Georgette: I do believe it is hard to assign a sponsor. And it’s equally hard to assign a mentor. I am a firm believer that you either connect with someone or you don’t. I think that that connection from a mentor perspective is important. I think from a sponsor, you can start that – and that is often someone who you are working with on a regular basis. Maybe not your manager, but someone else in your organisation that may not be in the same function, but maybe you’ve worked with or connected with and is willing to be your advocate. We have tried a mentoring programme. As a senior management team, we tried to ensure that we are developing people through their careers. But as individuals we have to be responsible for selecting the sponsor and be willing to devote time to developing that relationship and showing your value.

 

How often should you meet with a sponsor or mentor?

Anna: As often as you want. It’s about the relationship that you develop. I’ve been very fortunate in that I have had some that I work with on a regular basis.


Georgette
: And I think that you can have more than one.


Anna
: At BCG we have done something a bit different on sponsors. We set up a model which we call “business partners” where it’s separate from mentors, separate from sponsors, separate from a career advisor. By definition, a senior BCG partner – one who is commercially successful – is assigned a senior woman. Every one of our senior women has a business partner. And that business partner is responsible for their commercial success.
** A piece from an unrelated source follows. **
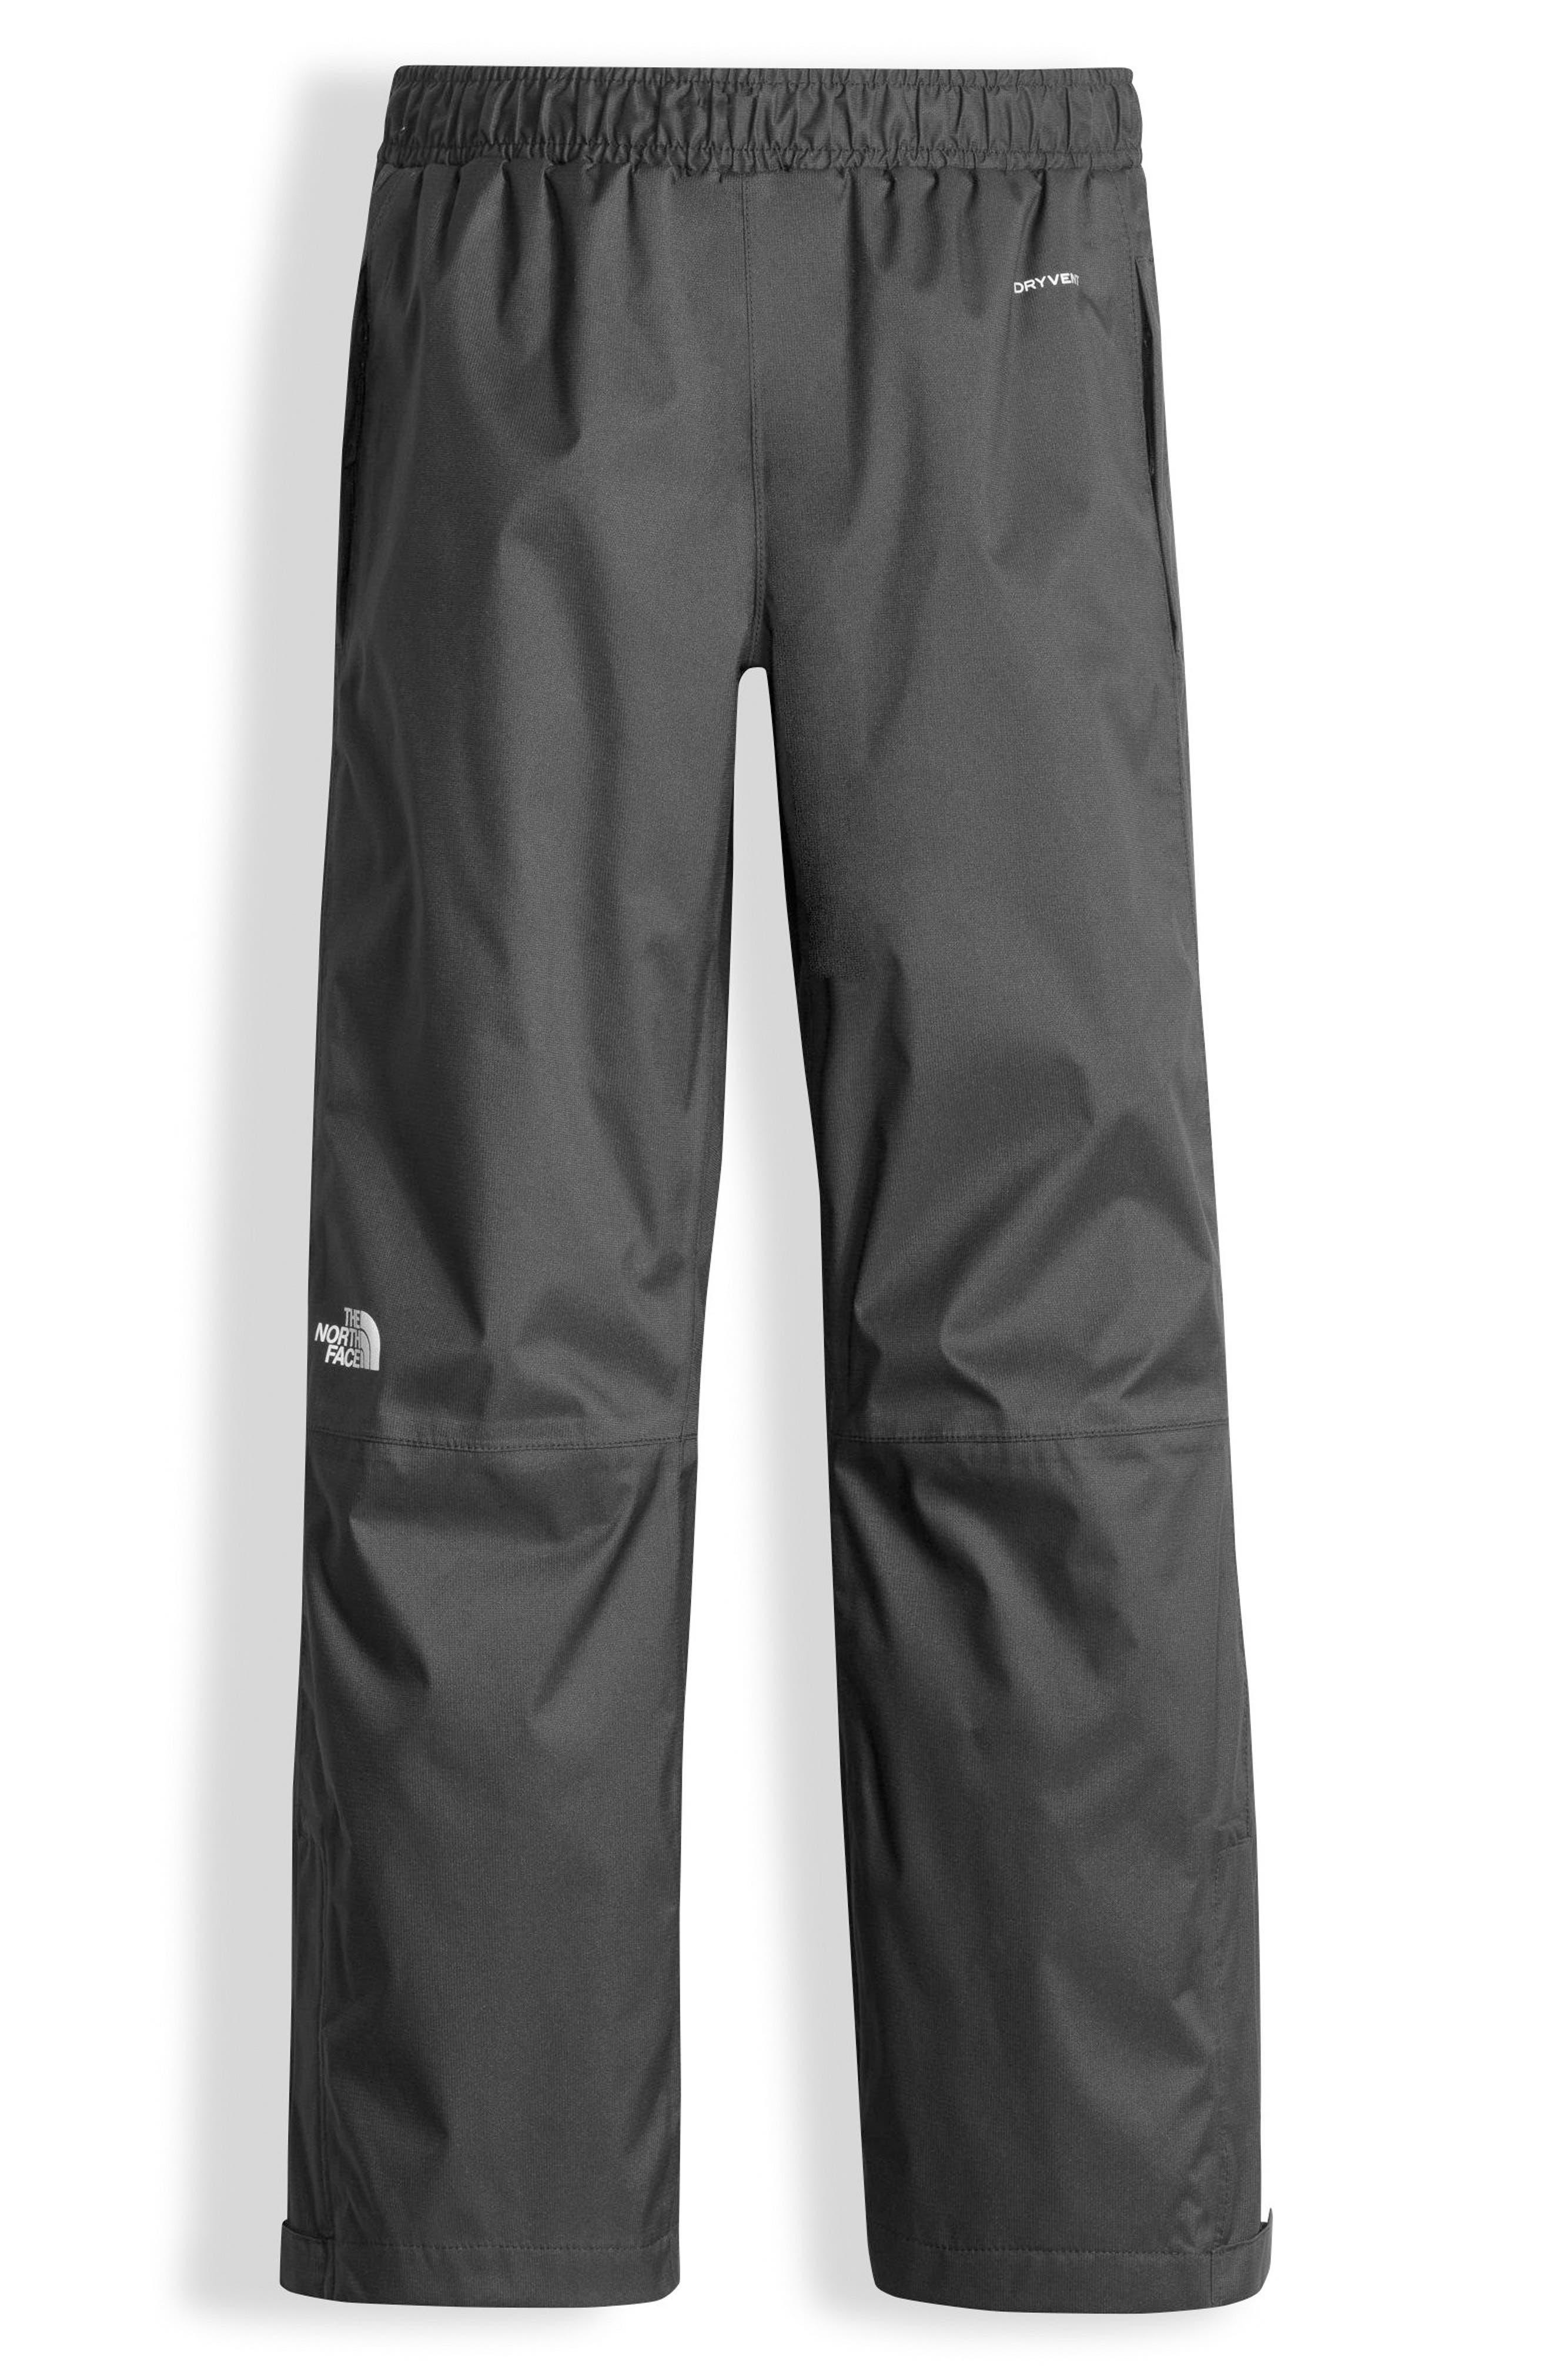 'Resolve' Waterproof Rain Pants,                         Main,                         color, Graphite Grey

So they don’t give mentoring advice. They ask “have we staffed them in the right place? Have we set them up on a return from leave if they decide to have kids? How are we enabling this person to build a successful commercial career so that they can be one? Or one, promoted to partner and two, be successful when they’re there.”

We’ve created this and sometimes it works better than others. We track it. We ask the business partners every six months to talk about how their business partner is going and the female partner sits there and challenge asks. I think that it is really important. It has made us make some really different decisions on how to staff our senior women.

 

What else can we do to make an executive career more of a likely thing for a woman in management?

Georgette: I think it is starting with a technical skill and then building on that. Having a specific knowledge. Whether it’s the financials, whether it is the portfolio that you are dealing with and the risk profiles with that – it gives you a foundation to build on. And I think it is being open to developing the other skills that you need.

We don’t always know what path we are on so by being open to opportunities and being willing to try things is important.

And it is about developing a clear idea of what it is you want to do and not being afraid to voice that. In your annual review, on a regular catch up basis – make it known that you want opportunities to work on big projects if you are not getting those and being open to different challenges.

 

How should women communicate to ensure that management know about our ambitions? How do we keep it front-of-mind for our employer?

Georgette: Talk about it. Don’t let it go. Sometimes we as women are not as vocal at following up. We mention something once and somebody doesn’t do anything and we let it slide but you have to stay on it and keep after it. Which is hard.

And you need to consider: “How do I add value?” One thing that I have always kept in mind is: “How do I add value to the organisation that I am working with?” It is a two-way relationship and I think that as you look at that, you always have to be thoughtful that you are adding to the business. The more you do that, the more people will consider you for projects and opportunities and recognise those that your name is on. Visibility is always important.